SXSW 2015: THE STORY SO FAR

Story So Far

As regulars at this shindig we affectionately call SX, we can officially confirm that it continues to impress, overwhelm and inspire. Once again, the Texan capital is heaving with thousands of marketers, geeks, nerds, dreamers, musos, movie types (so far I’ve only spotted Rupert Grint aka Ron Weasley in the lobby) and agency folk from all over the world – jostling amongst a few jaded Austinites.

When not busy putting finishing touches on our presentation we’ve managed to cover some pretty eclectic ground. We’ve been soaking up info on predictive, beacons, retail experience, content engagement and making makers, to name a few. We’ve tried to squeeze in sessions with a few legends like Biz Stone, co-founder of Twitter, Roger Dooley author of Brainfluence, and Malcolm Gladwell, author of many books including the seminal Tipping Point.

So what’s the big trend for SX Interactive this year? Hard to say whether it’s our internal bias, but we keep hearing the word data (and it’s not just coming from Adam). Invariably privacy pops up, but it’s more a by-product of data this time round. Beacons, wearables, security and privacy were pretty huge last year. But so far in 2015, data (and what the hell to do with it) is the topic du jour.

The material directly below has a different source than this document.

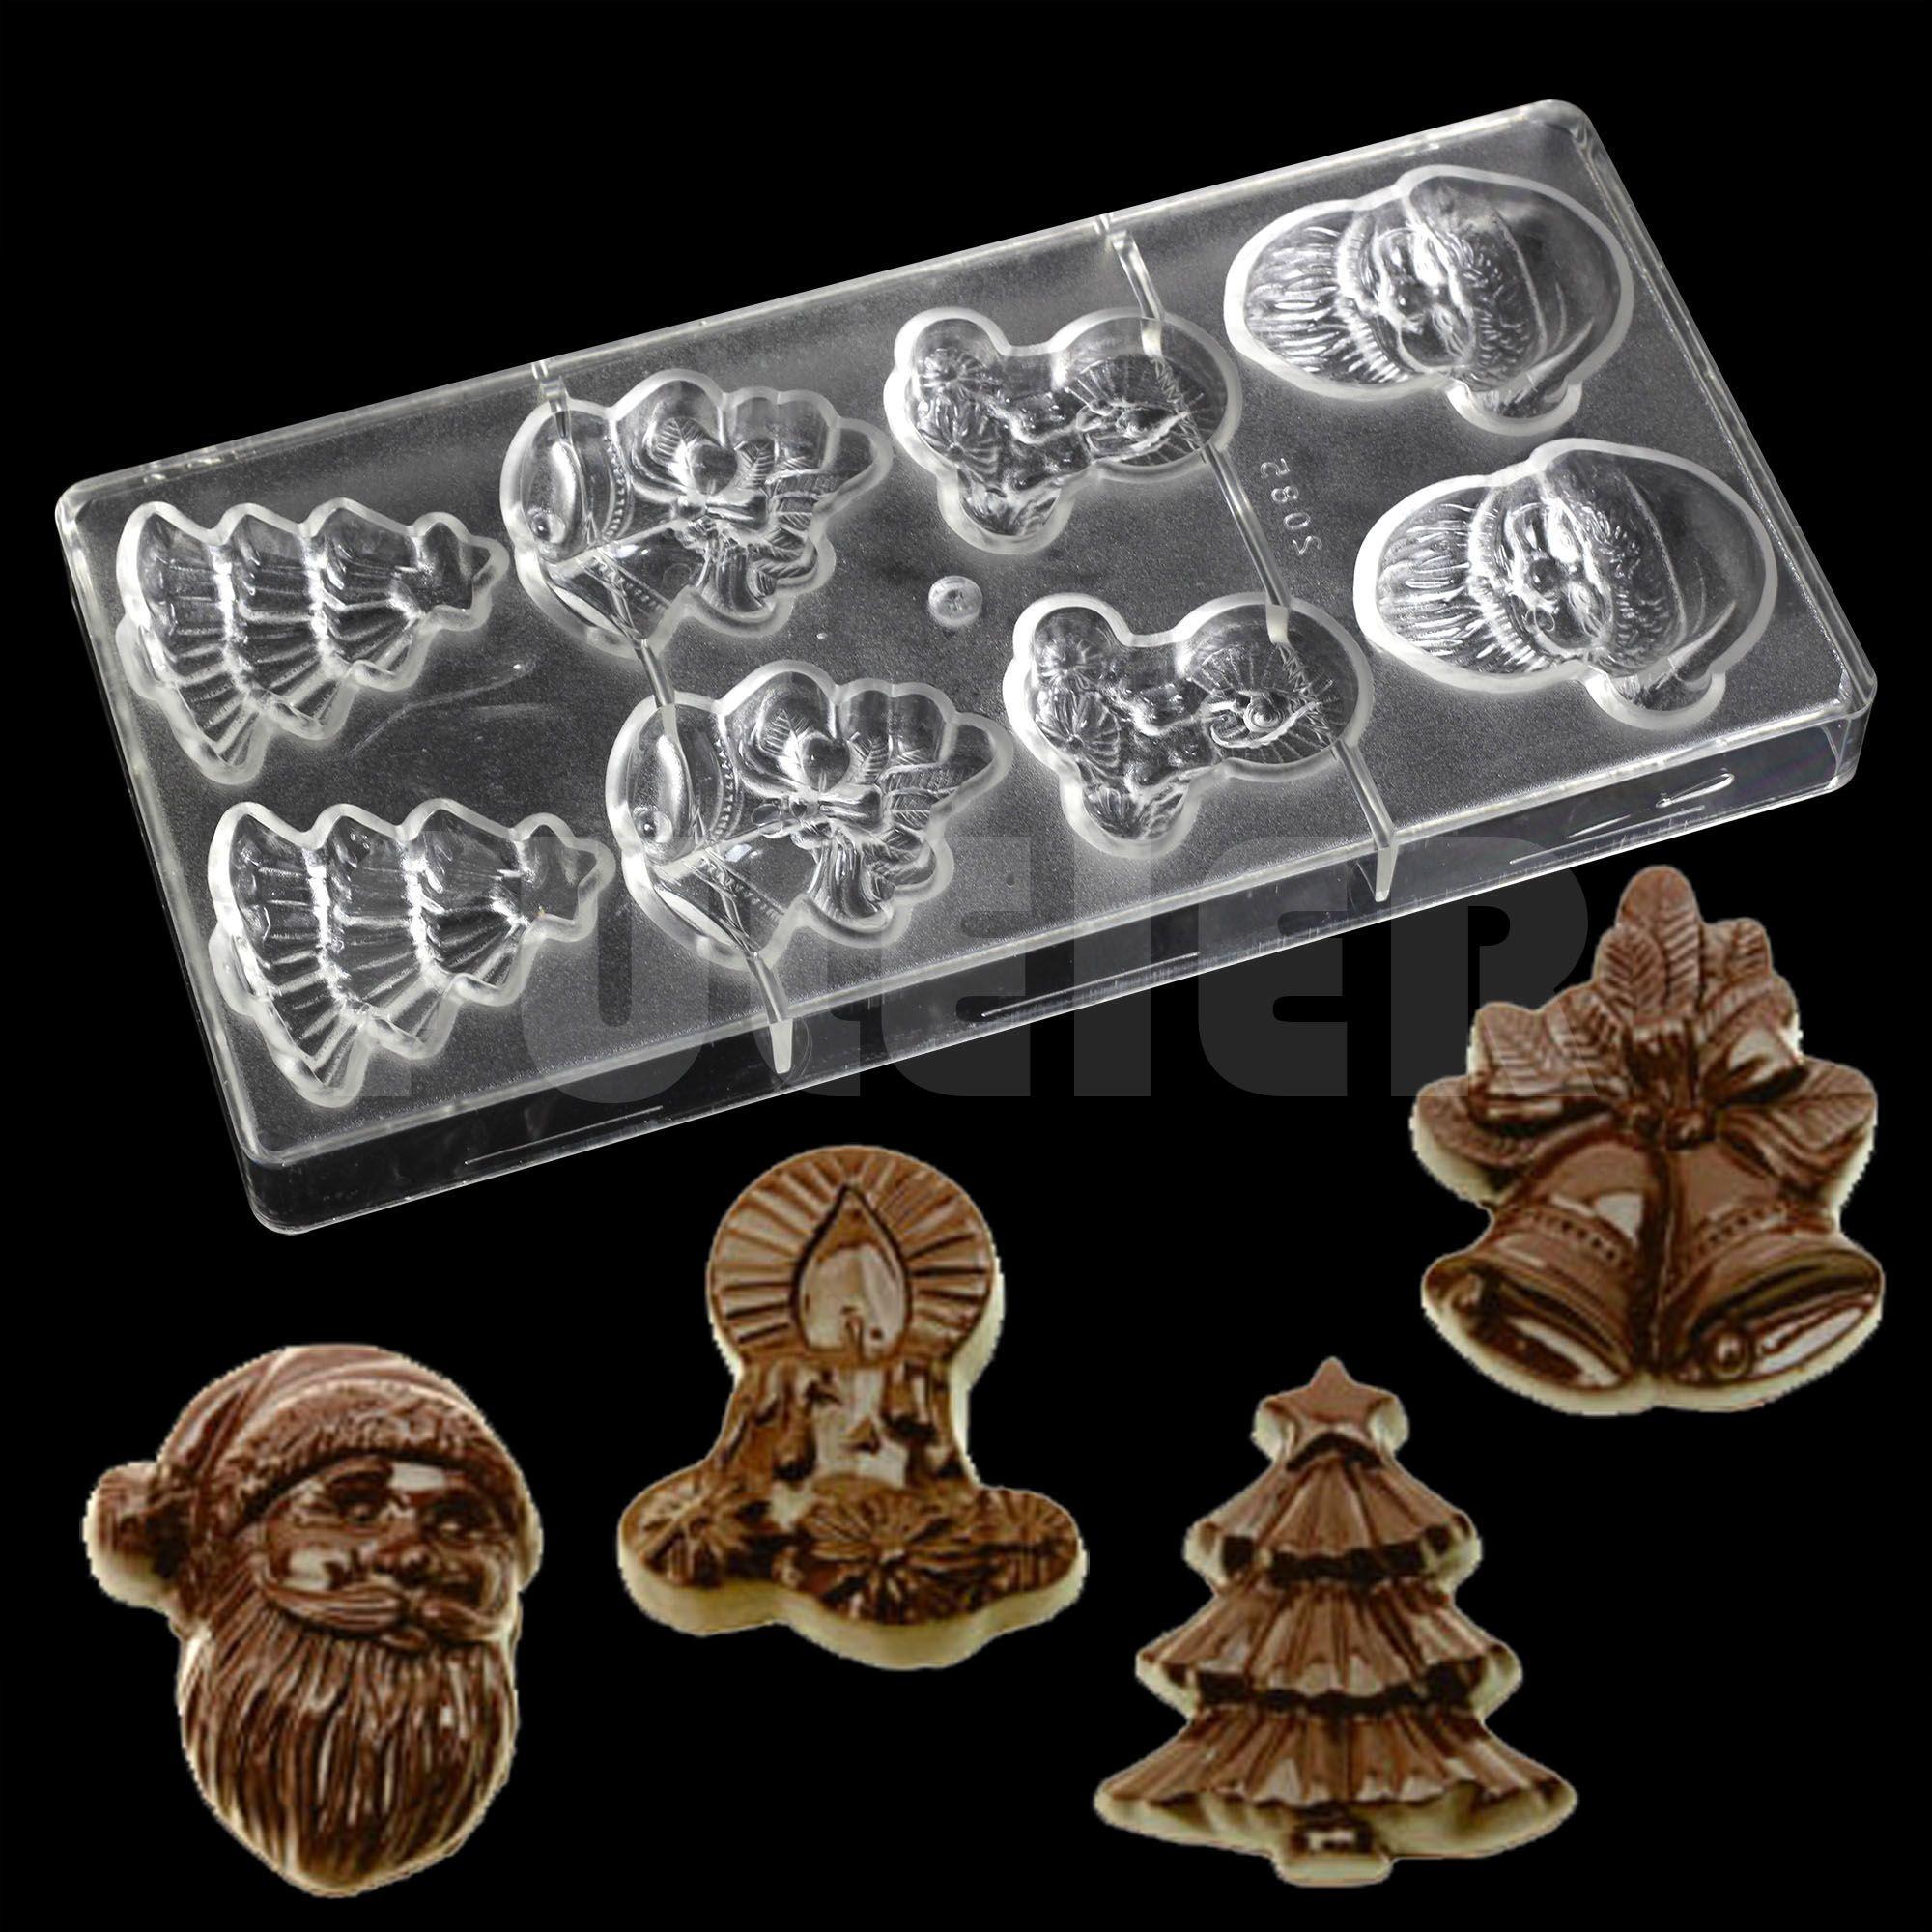 Série de natal papai noel sino forma policarbonato molde de chocolate, barato cozinha bakeware assando bolo molde de chocolate doce

We’re finally hearing less about big data and more about actionable data. Even the Beacons, mPay and the Great Shopper Reboot, which we hoped was going to be mostly about tech unifying the online and offline shopper experience, inevitably swirled back to data.

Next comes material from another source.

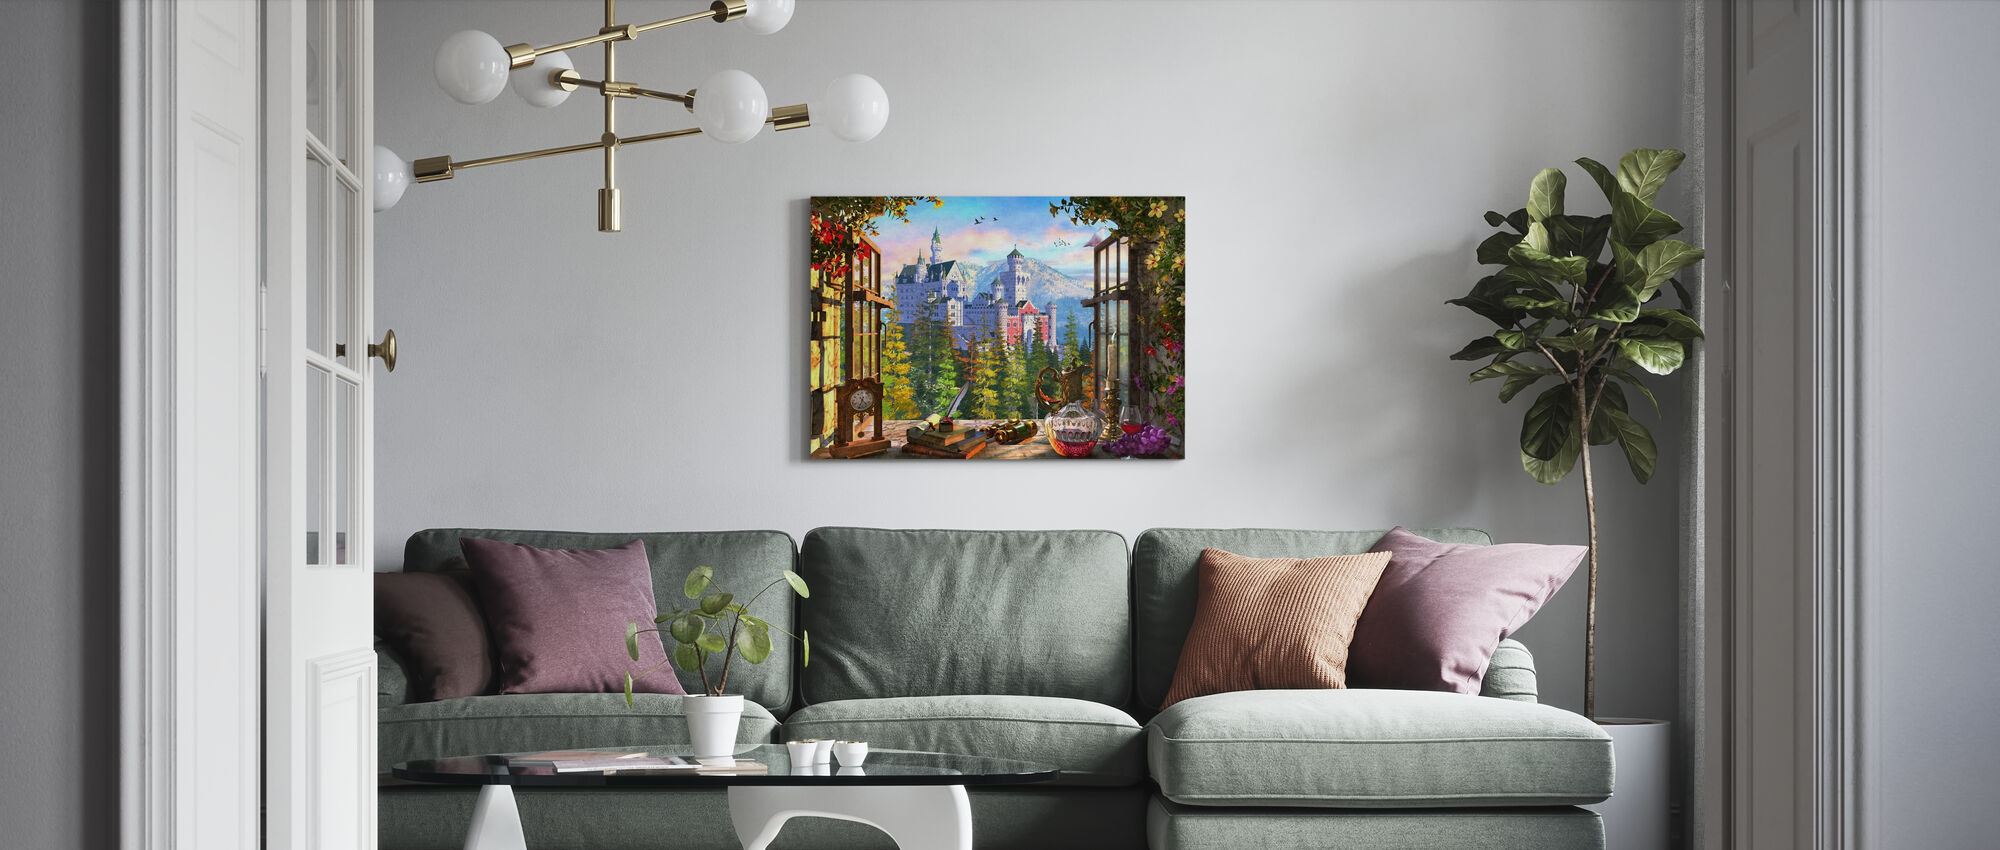 Mountain Castle through Window - Canvas print - Living Room

One of the most elegant solutions integrating IOT and data we’ve seen so far was SteadyServe’s iKeg case study, presented by Daniel Gutwein, Director of Retail Analytics at Intel. Draught beer is a US $20 billion dollar industry and 20% of the orders from distributor to retail are incorrect. That’s a massive outage. With a simple keg scale, RFID sensor and Intel Gateway, iKeg users can accurately give their distributor usage data in real time. No more empty kegs or thirsty customers. The information facilitates timely distribution, market analysis, ROI measurement and helps map the success of promotions.

The most entertaining talk so far has been Koert van Mensvoort’s Next Nature: How Technology Becomes Nature. In his surrealist exploration of the dynamic relationship between tech and nature, Van Mensvoort discusses which is emulating which and argues that lines are blurring between what is ‘made’ and what is ‘born’. His examples of in vitro meat and Rayfish footwear were simultaneously absurd and challenging, both ethically and culturally.

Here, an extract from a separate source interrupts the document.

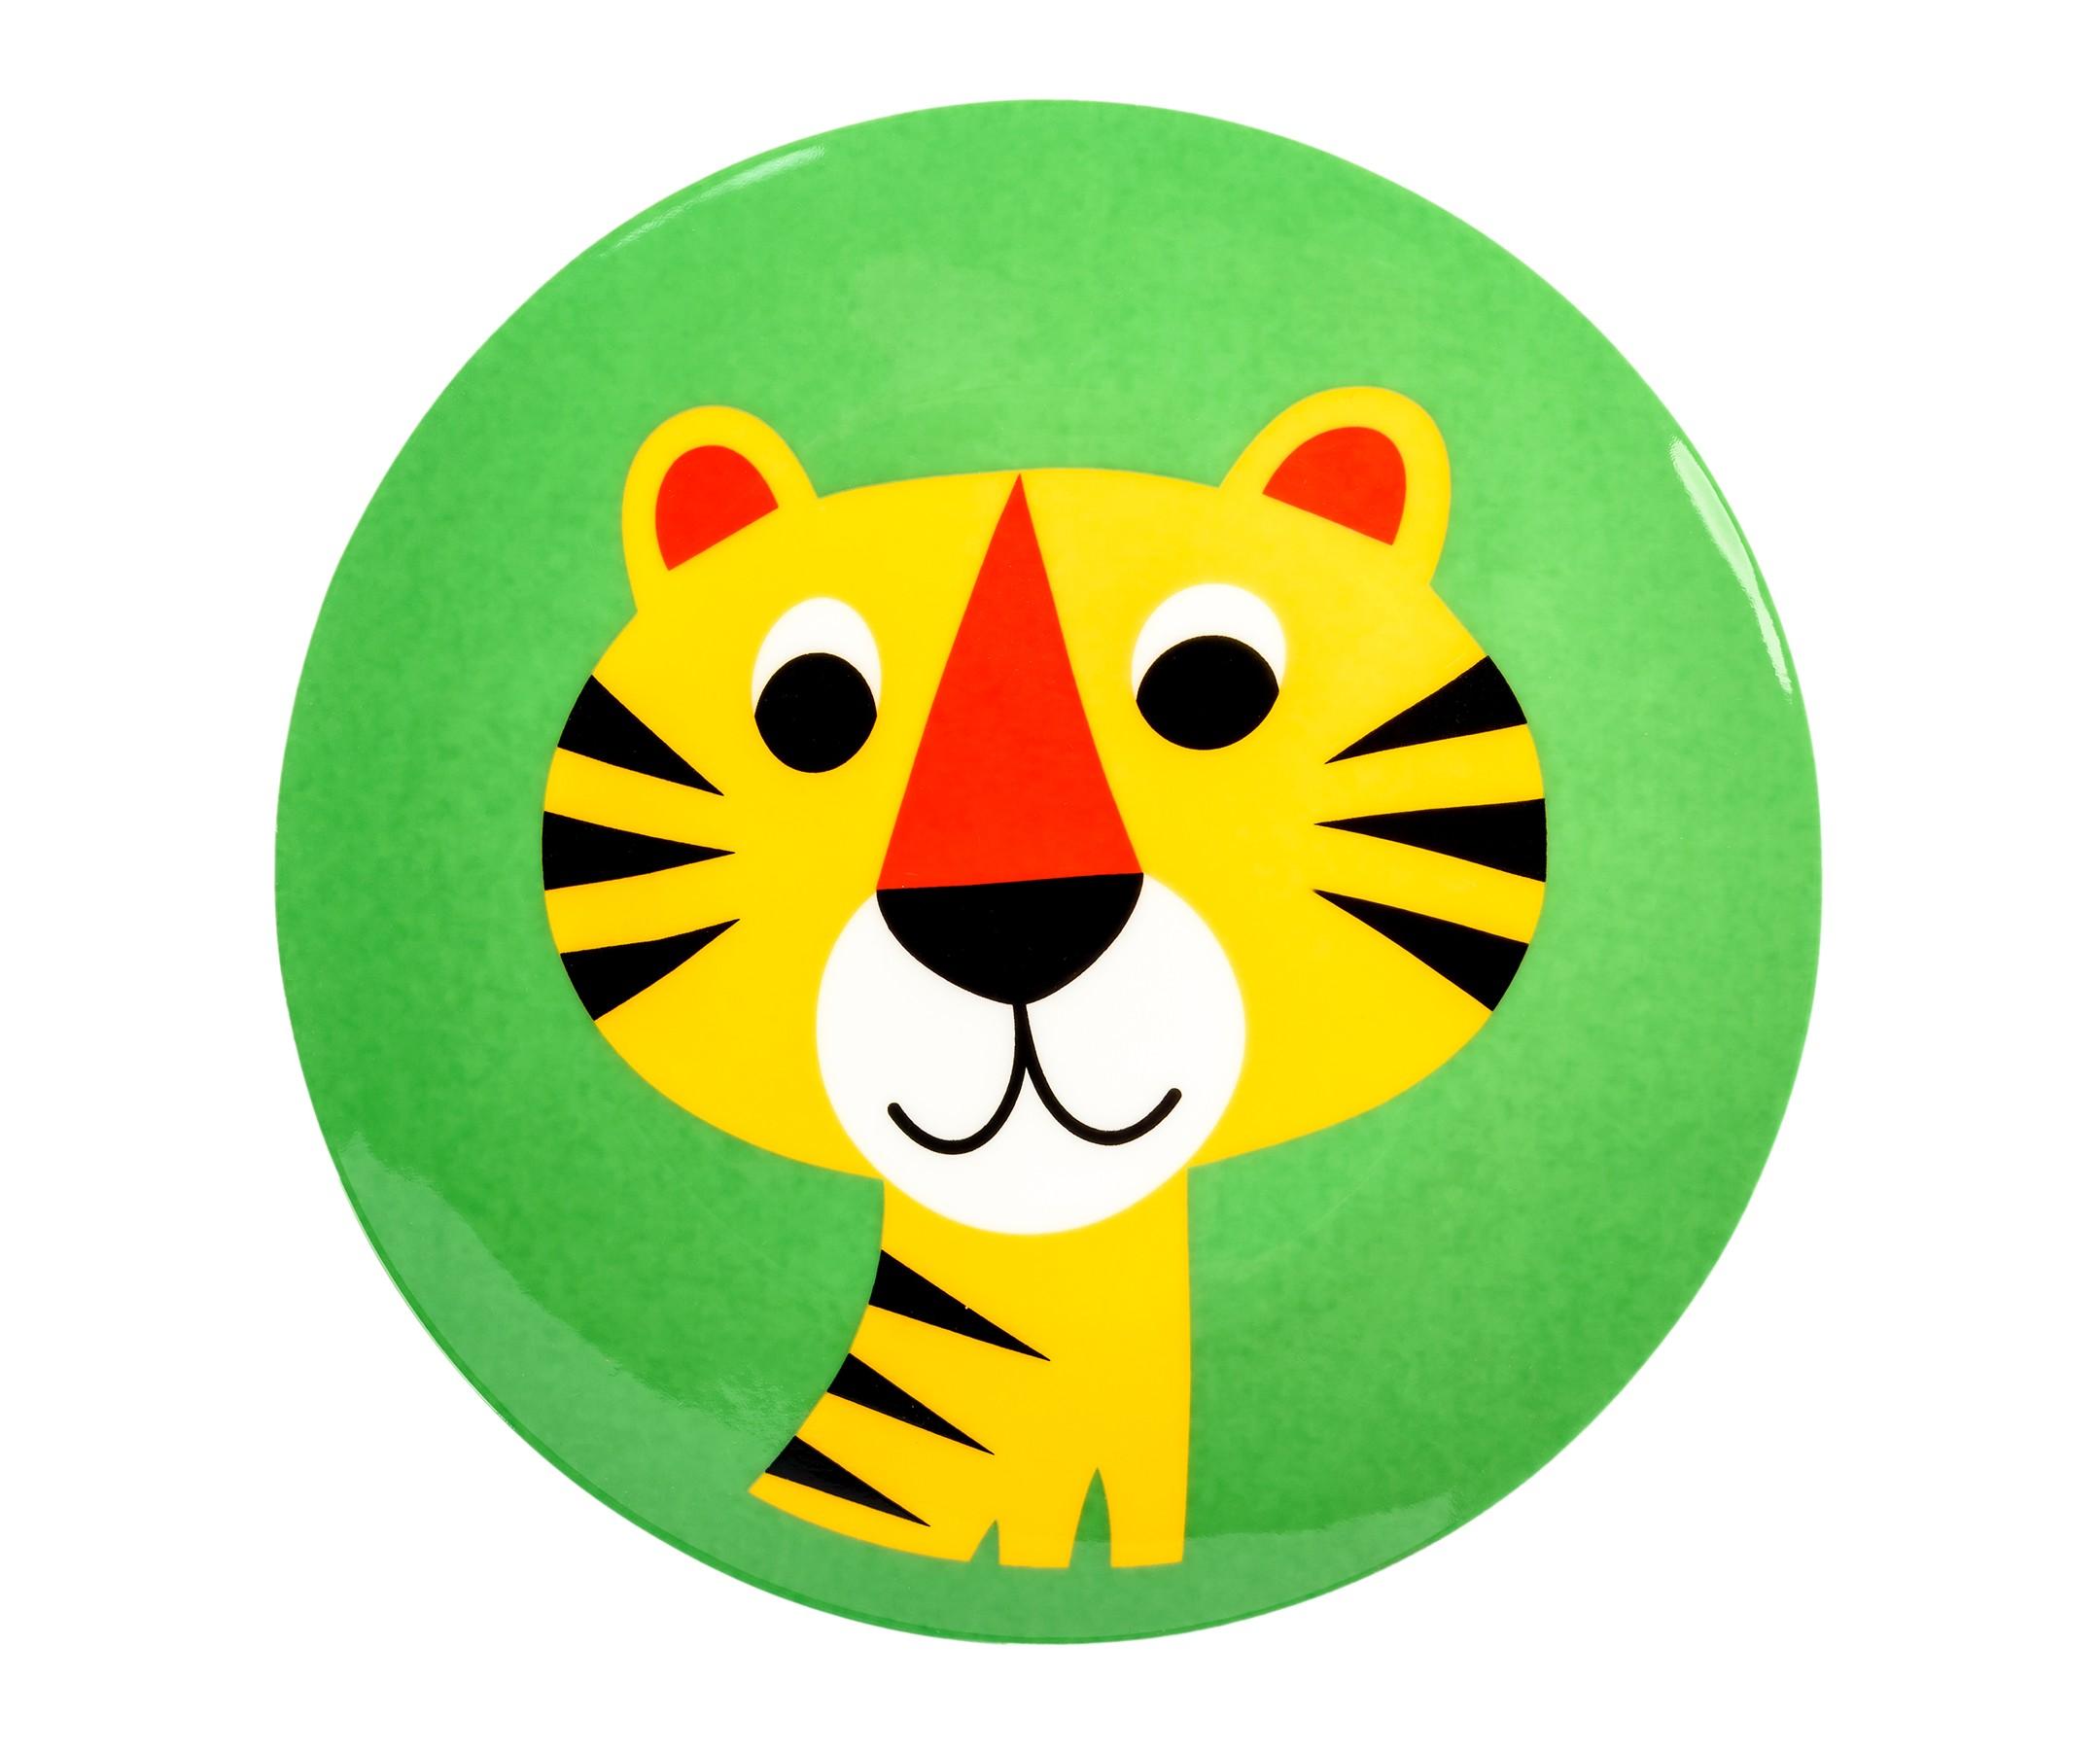 Тарелка ТигрёнокДекоративные тарелки<br><br><br>Material: Керамика<br>Ширина см: 20<br>Высота см: 2

Interestingly, he asked us to consider what technology really is. After all agriculture, cooking, the wheel and the light bulb are all forms of technology. Yes, technological advances that have irretrievably changed us, but they have not lead to our oblivion. Check out his provocative work at Next Nature.

Hopefully that gives you a taste of the wild extremes experienced in SXSW so far. We’ll endeavour to post a final overview in a couple of days. In the meantime, stay weird. And if you have a moment, check out the schedule. It’ll blow your minds.